Mary G v. Souder

305 S.W.2d 883, 1957 Mo. App. LEXIS 556
CourtMissouri Court of Appeals
DecidedOctober 23, 1957
Docket7678
StatusPublished
Cited by21 cases

This text of 305 S.W.2d 883 (Mary G v. Souder) is published on Counsel Stack Legal Research, covering Missouri Court of Appeals primary law. Counsel Stack provides free access to over 12 million legal documents including statutes, case law, regulations, and constitutions.

Bluebook
Mary G v. Souder, 305 S.W.2d 883, 1957 Mo. App. LEXIS 556 (Mo. Ct. App. 1957).

Opinion

STONE, Judge.

The petitioner in this original proceeding in habeas corpus (to whom we refer as Mary that her three minor children may not be identified with this recordation of their mother’s sordid conduct) is held by the Sheriff of Douglas County, Missouri, under a “capias execution” which states that Mary “was convicted of the offense of contempt of court and her punishment was assessed at a term of thirty days in the county jail.” Mary’s conviction was upon a verified information filed by the Prosecuting Attorney of Douglas County under Section 211.400, 1 in a separate case styled State of Missouri vs. Mary G- (hereinafter referred to as the contempt proceeding). After reciting that on the 5th day of April, 1957, in the Juvenile Division of the Circuit Court of Douglas County, Mary’s three minor children “were adjudged to be neglected children and in need of the protection of said Juvenile Court” and that “it was ordered and adjudged that Mary G- not permit Lee R- to come into her home,” the information charged that Mary “negligently disobeyed said orders and judgments so made on April 5th, 1957, by permitting the said Lee R-to come into her home where said named children reside contrary ,to the orders and judgments of the court and *885 against the peace and dignity of the State.” Following trial, the court entered a “judgment of guilty of the charge of contributing to the neglect of children who are wards of the Juvenile Court of Douglas County, Missouri,” and assessed punishment at imprisonment in the county jail for thirty days. After an unsuccessful motion for new trial, defendant was sentenced and the court ordered “defendant committed.”
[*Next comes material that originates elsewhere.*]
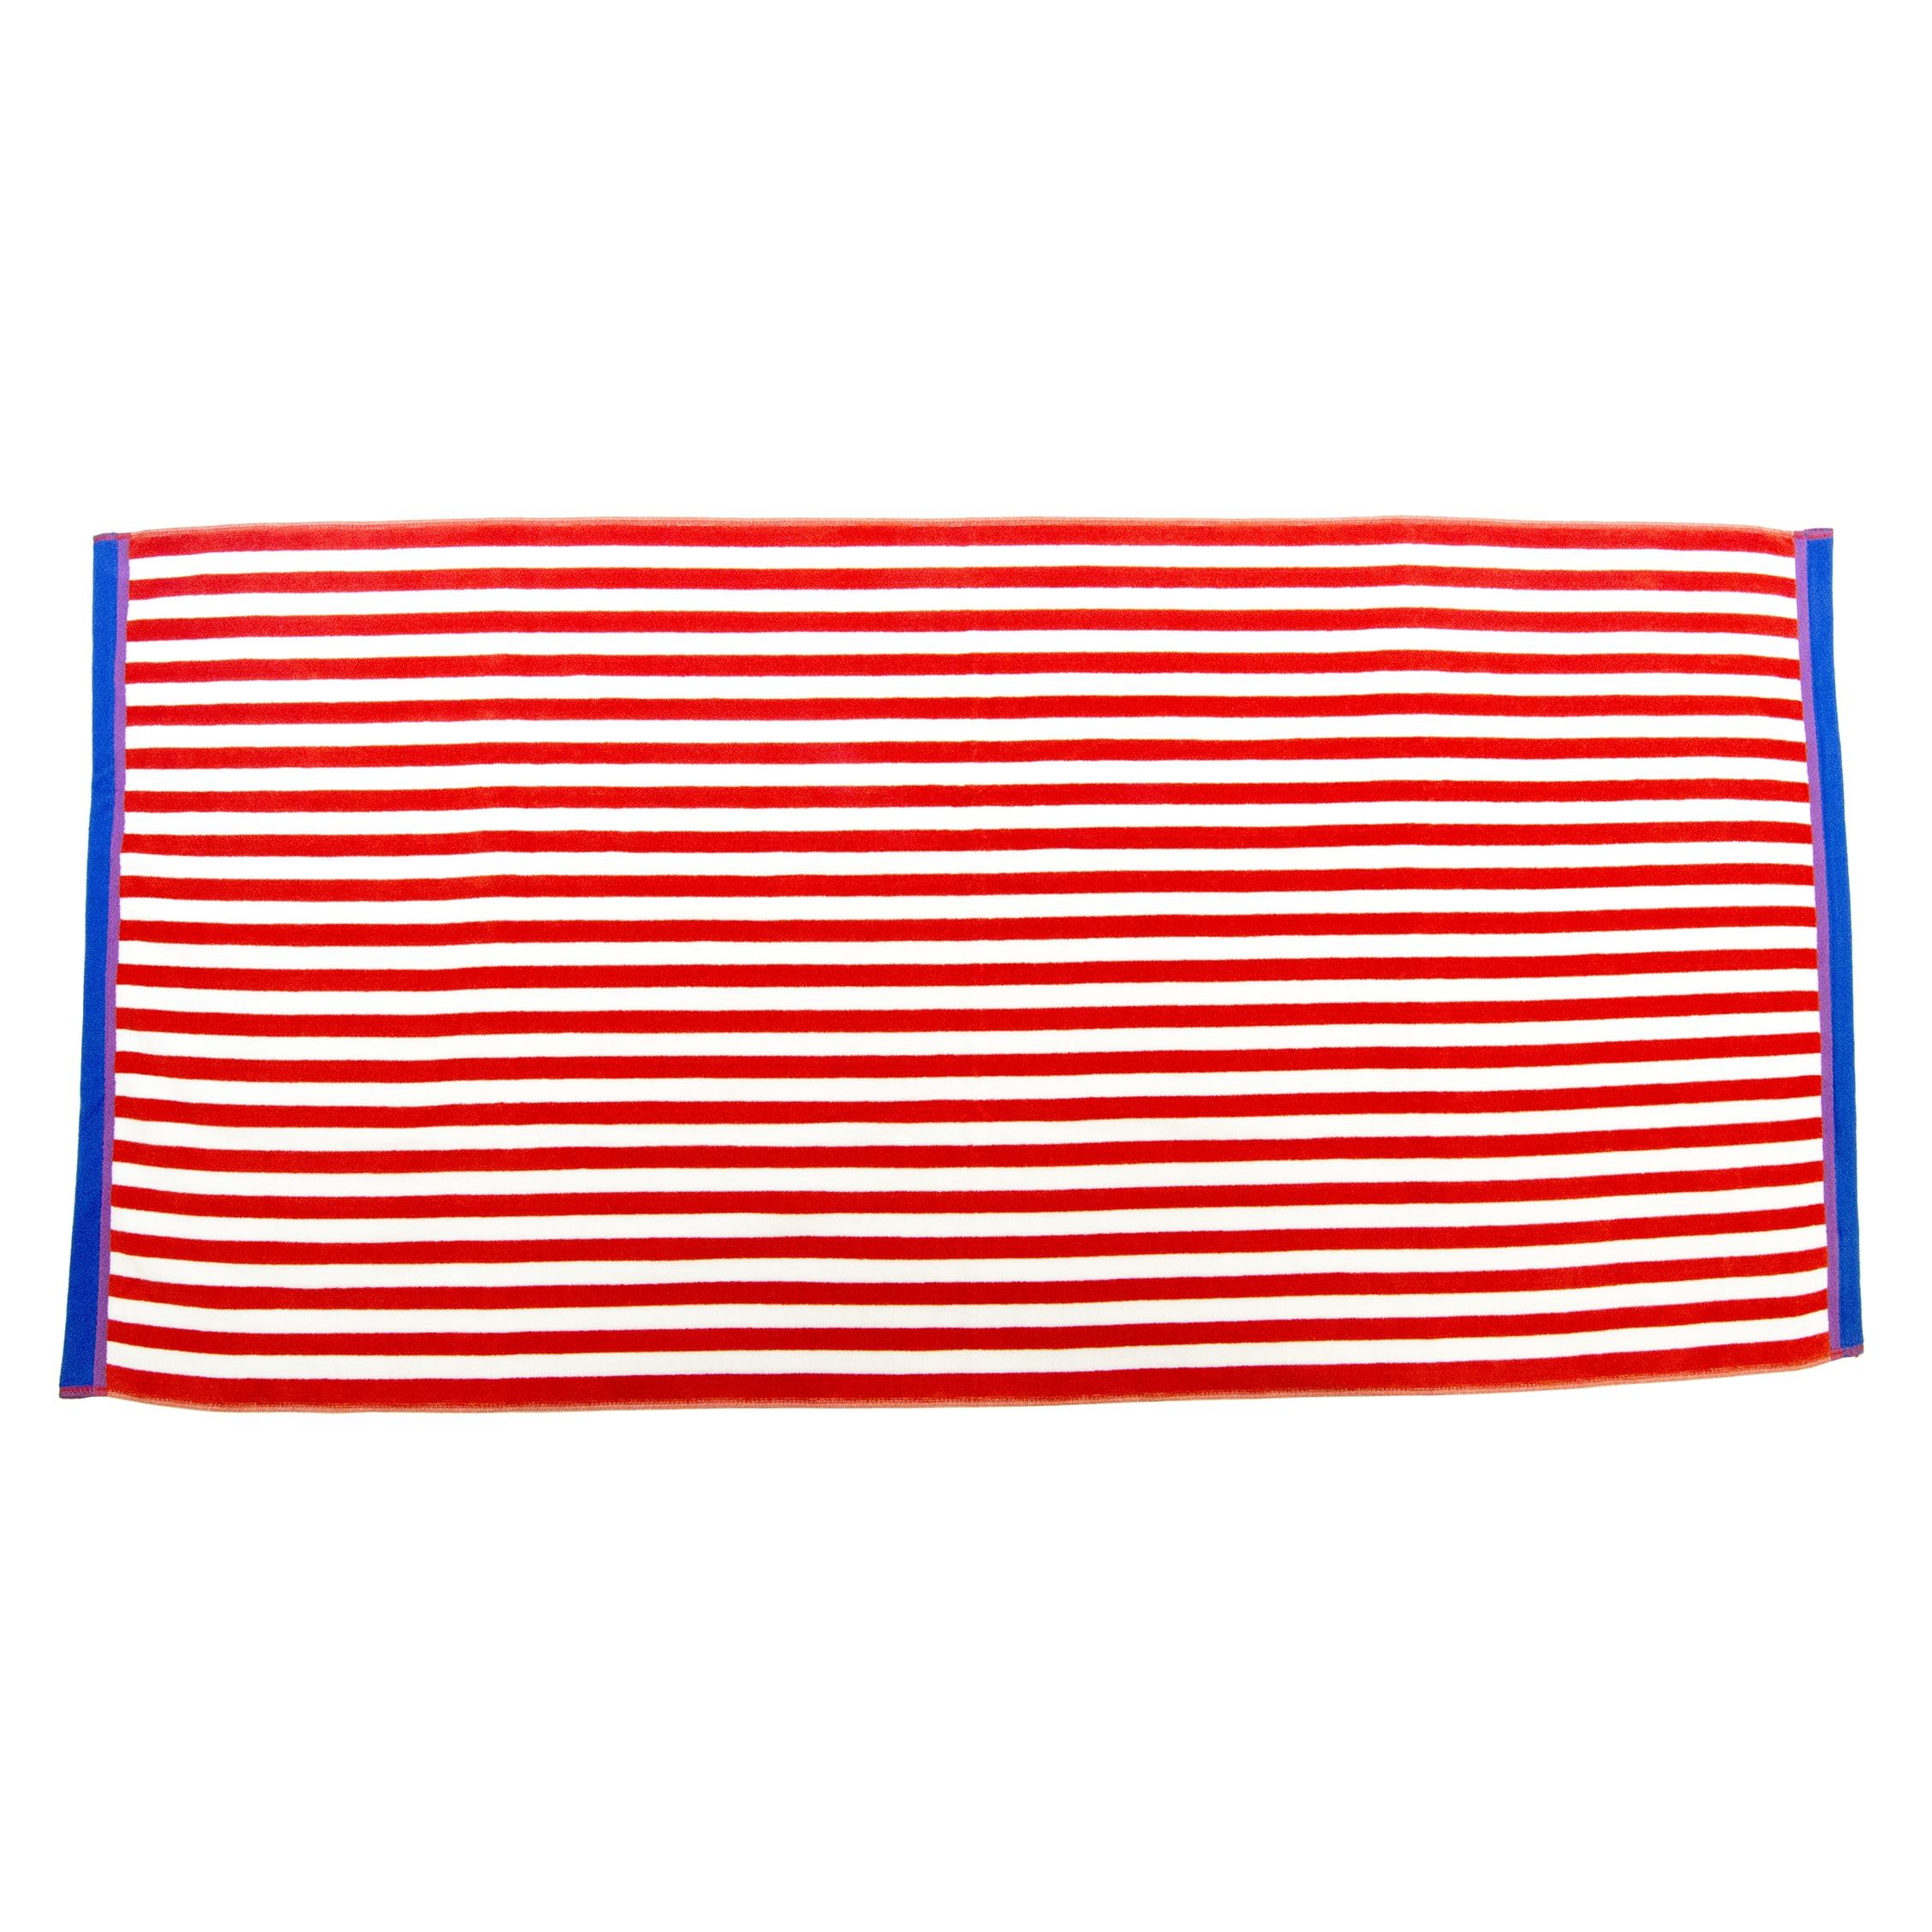 Red Striped Pool / Beach Towel 100% Cotton 75x150cm Large Stripe Bath Towels

The order of court, which the information in the contempt proceeding charged that Mary “negligently disobeyed,” had been entered on April 5, 1957, in a statutory neglect proceeding under Chapter 211, in which the court had adjudged that Mary’s three minor children were “neglected children” within the meaning of Section 211.-310, “by reason of being permitted by the mother to live in the home with a disreputable person, Lee R-, and are suffering from the depravity of the mother in permitting this person to be in the home.” The order in the neglect proceeding then stated that “(a) 11 of said children are found to be in need of the care and protection of the State of Missouri and are hereby made wards of the Juvenile Division of the Circuit Court of Douglas County, Missouri, * * * and committed to the custody of the mother, Mary G-, until further order of this court upon the specific condition that Lee R-, the person who has been living in the home, no longer is permitted to live there or visit there and so long as said mother conducts herself as a moral, decent citizen.”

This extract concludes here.